Burada vapurdan iner inmez ben bir köşede valizlerin başını bekledim eşim de gidip araç kiraladı. Nissan Micra ve 50 euro 🙂 Burada da merkezden 6 km uzaktaki Aya Anna isimli köye geçtik. Kalacak yer araştırması yaparken genç bir arkadaşın blogunda bahsettiği küçük ve temiz bir otel vardı, Artemis Hotel. Blogun ismini ne yazık ki şu an hatırlayamıyorum. Fiyatı da çok uygun olduğu için ,gecelik 45 euro, orayı tercih ettik. Hotel denize 2 dakika mesafede. Burada da deniz çok güzel ama fazla kalabalıktı. Sığ ve dibi kum ama tertemiz. Çocuklu bir aileyseniz rahat edersiniz.Daha çok Alman turistleri gördük diyebilirim.

O akşam üstü güneşi batırmak için Portara denen antik yapının oraya gittik. Portara kapı demek, bu antik mekandan geriye bu kapı çerçevesi kaldığı için böyle isimlendirmişler.

Mekan M.Ö 530 civarında tapınak olarak inşa edilmeye başlanmış fakat savaşlar yüzünden hiç bitirilememiş. Biz de çoğunluk gibi burada kayalara oturup romantizmin doruklarında güneşi batırdık.

O gece yemeğimizi adanın içine doğru bir meydandaki Fotis Greek Cuisine isimli yerde yedik. Hiç bilmeden girdiğimiz bu yerde yemekler fena değildi. Sonrasında da geceyi her yaz gecesinde olması gerektiği gibi dondurma ile sonlandırdık.

Ertesi gün hava kapalıydı biraz. Biz de dağ köylerini gezelim istedik.

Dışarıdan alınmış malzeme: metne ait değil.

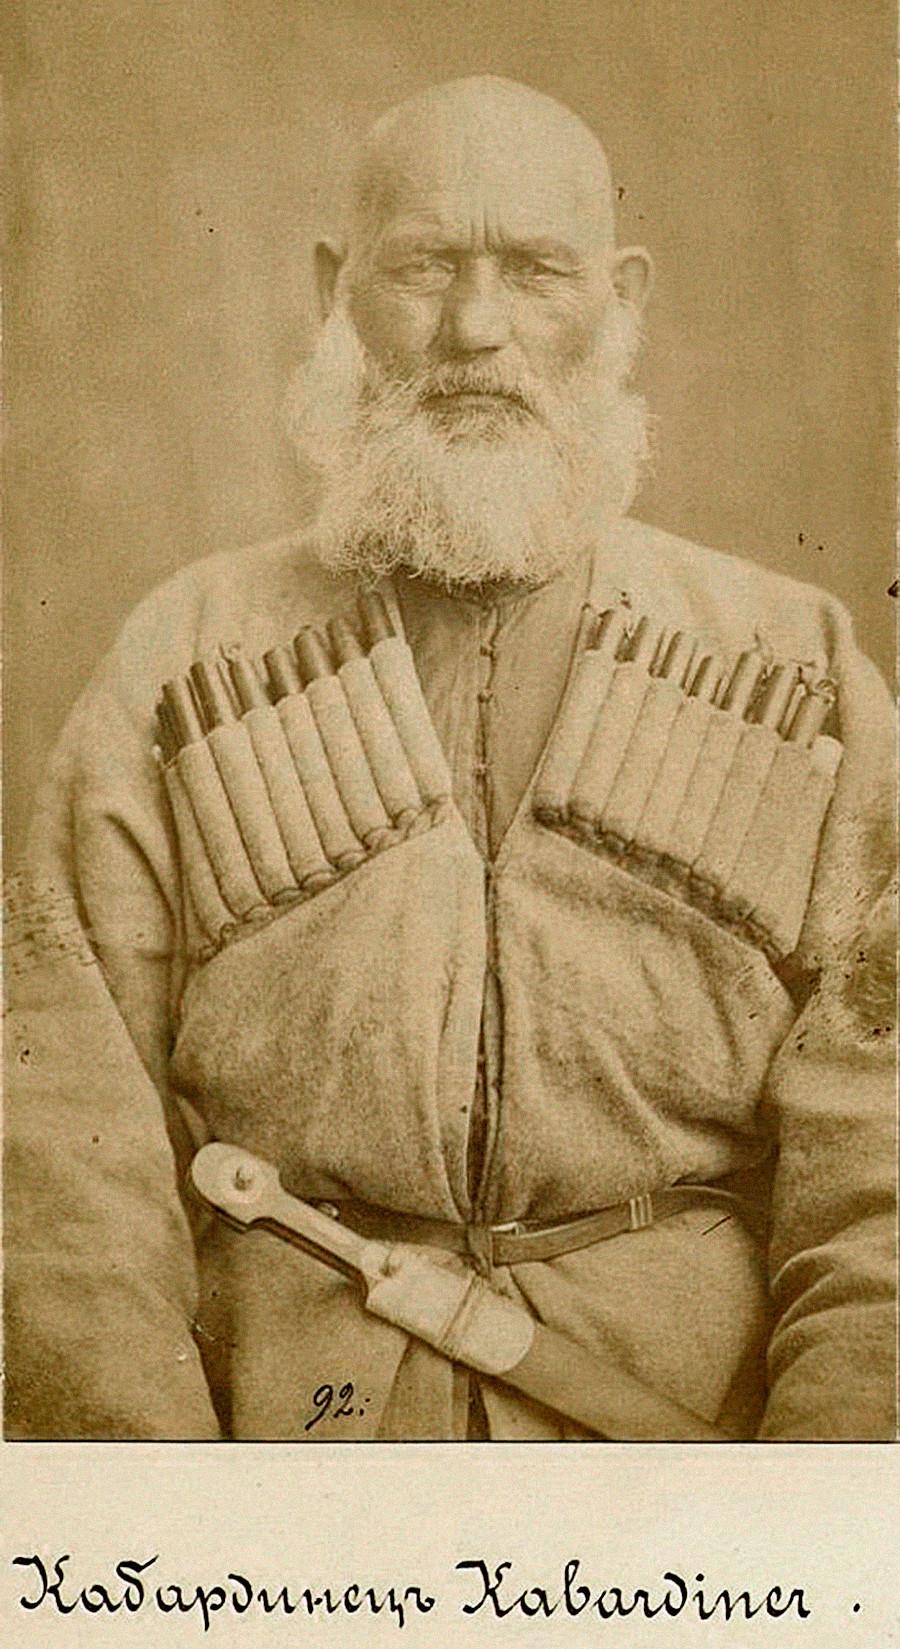 カバルダ人、カバルダ(現カバルダ・バルカル共和国)、19世紀末

İlk durağımız Halki köyü oldu. Sadece burada üretilen Kitron isimli likörü ile ünlü. Tahminimizin aksine likör, ağacın kavun büyüklüğündeki meyvelerinden değil de yapraklarından yapılıyor. Ağaçkavunu deniyormuş bu meyveye Türkçede. Minik üretim tesisini gezdik ve ekşi limon lezzetli bu içkinin tadına baktık. Daha ufak şişelerde satılsaydı mesela 10 cl gibi hediyelik olarak götürecektim.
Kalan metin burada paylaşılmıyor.